The largest parallel corpus is the Bulgarian-English parallel corpus of approximately 260 million tokens per language. Further, there are six corpora with size of 200-250 million tokens per language, 14 corpora with size of 150-200 million, three corpora with size of 100-150 million. The remaining corpora are relatively small: 11 corpora with size of 1-15 million tokens and 15 with size below 1 million. The smallest parallel corpus is the Bulgarian-Japanese one with ariund 50,000 words per language.

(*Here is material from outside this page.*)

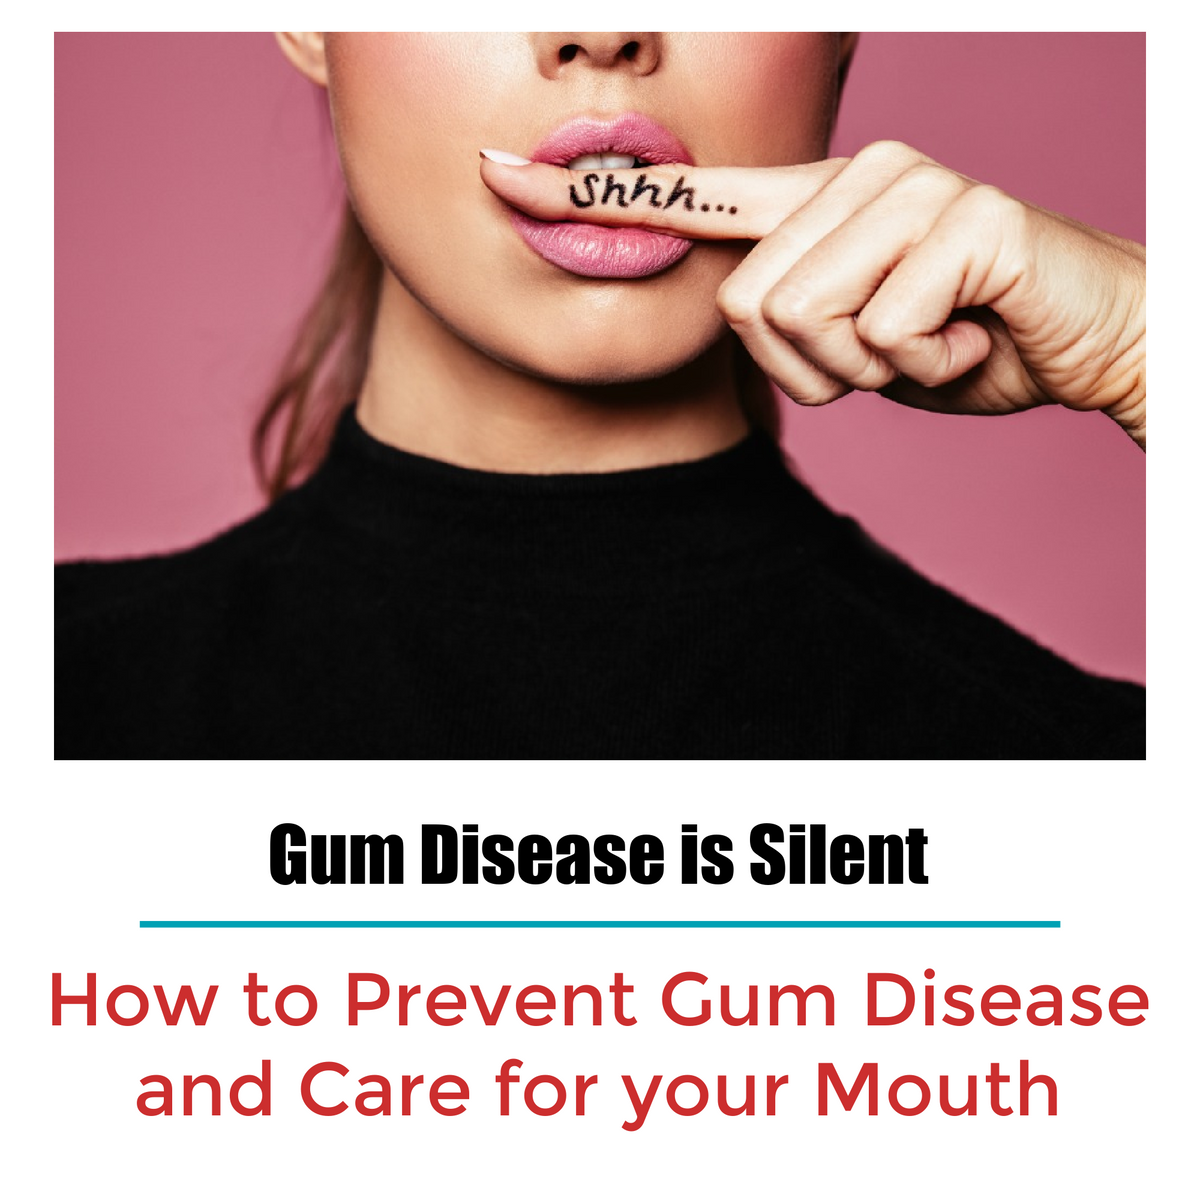 ebook about gum disease and oral health written by a dental hygienist

Largest parallel corpora within BulNC.

Parallel corpus	Lang. code	Number of texts	Number of tokens
Bulgarian-English	BG-EN	113545	260681821
Bulgarian-Romanian	BG-RO	114440	235859637
Bulgarian-French	BG-FR	71935	231486663
Bulgarian-Greek	BG-EL	113849	229749068
Bulgarian-Portuguese	BG-PT	70697	211824204
Bulgarian-Italian	BG-IT	71195	209083677
Bulgarian-Dutch	BG-NL	70629	204309755
Bulgarian-Polish	BG-PL	78055	197762449
Bulgarian-Czech	BG-CS	72545	196769297
Bulgarian-German	BG-DE	77502	194497872
Bulgarian-Spanish	BG-ES	62879	191092782
Bulgarian-Danish	BG-DA	71316	190843358
Bulgarian-Slovak	BG-SK	71790	189752630
Bulgarian-Slovene	BG-SL	71343	188776967
Bulgarian-Hungarian	BG-HU	71618	183530929
Bulgarian-Swedish	BG-SV	70115	180752058
Bulgarian-Lithuanian	BG-LT	70858	170381570
Bulgarian-Latvian	BG-LV	70015	167600804
Bulgarian-Maltese	BG-MT	65218	163515445
Bulgarian-Estonian	BG-ET	71558	160175247
Bulgarian-Finnish	BG-FI	71247	156288741
Bulgarian-Turkish	BG-TR	36655	13297328
Bulgarian-Irish	BG-GA	2230	13287693
Bulgarian-Croatian	BG-HR	33948	11950183
Bulgarian-Albanian	BG-SQ	35787	9781443
Bulgarian-Macedonian	BG-MK	35761	9542940
Bulgarian-Bosnian	BG-BS	20736	6195646
Bulgarian-Russian	BG-RU	211	3293243
Bulgarian-Hebrew	BG-HE	446	2872765
Bulgarian-Arabic	BG-AR	370	2446857
Bulgarian-Serbian	BG-SR	865	1832323
Bulgarian-Norwegian	BG-NO	173	1588561
Bulgarian-Icelandic	BG-IS	41	762894
Bulgarian-Ukrainian	BG-UK	40	744815
Bulgarian-Catalan	BG-CA	26	640522
Bulgarian-Galician	BG-GL	25	629272
Bulgarian-Kazakh	BG-KK	29	486766
Bulgarian-Basque	BG-EU	25	461080
Bulgarian-Chinese	BG-ZH	34	229293
Bulgarian-Tajik	BG-TG	16	160123
Bulgarian-Armenian	BG-HY	16	139802
Bulgarian-Azerbaijani	BG-AZ	16	137238
Bulgarian-Mongolian	BG-MN	16	135076
Bulgarian-Kyrgyz	BG-KY	16	135031
Bulgarian-Georgian	BG-KA	16	128502
Bulgarian-Turkmen	BG-TK	15	127430
Bulgarian-Japanese	BG-JA	10	50194
Total		1,789,872	4,195,791,994

Size of the Parallel corpora in number of texts and number of words.

Bulgarian-English parallel corpus

The largest parallel corpus within BulNC is the Bulgarian-English parallel corpus which comprises 260.7 million tokens for English and 263.1 million tokens for Bulgarian. The distribution of texts with respect to styles in the Bulgarian-English parallel corpus is shown on the diagram below.

Distribution of texts with respect to styles in the Bulgarian-English parallel corpus.

The Bulgarian-English parallel corpus has been used for various research tasks. The Bulgarian-English Sentence- and Clause-Aligned Corpus (BulEnAC) is an excerpt from the Bulgarian-English parallel corpus. BulENAC has been used for NLP applications for text alignment and machine translation.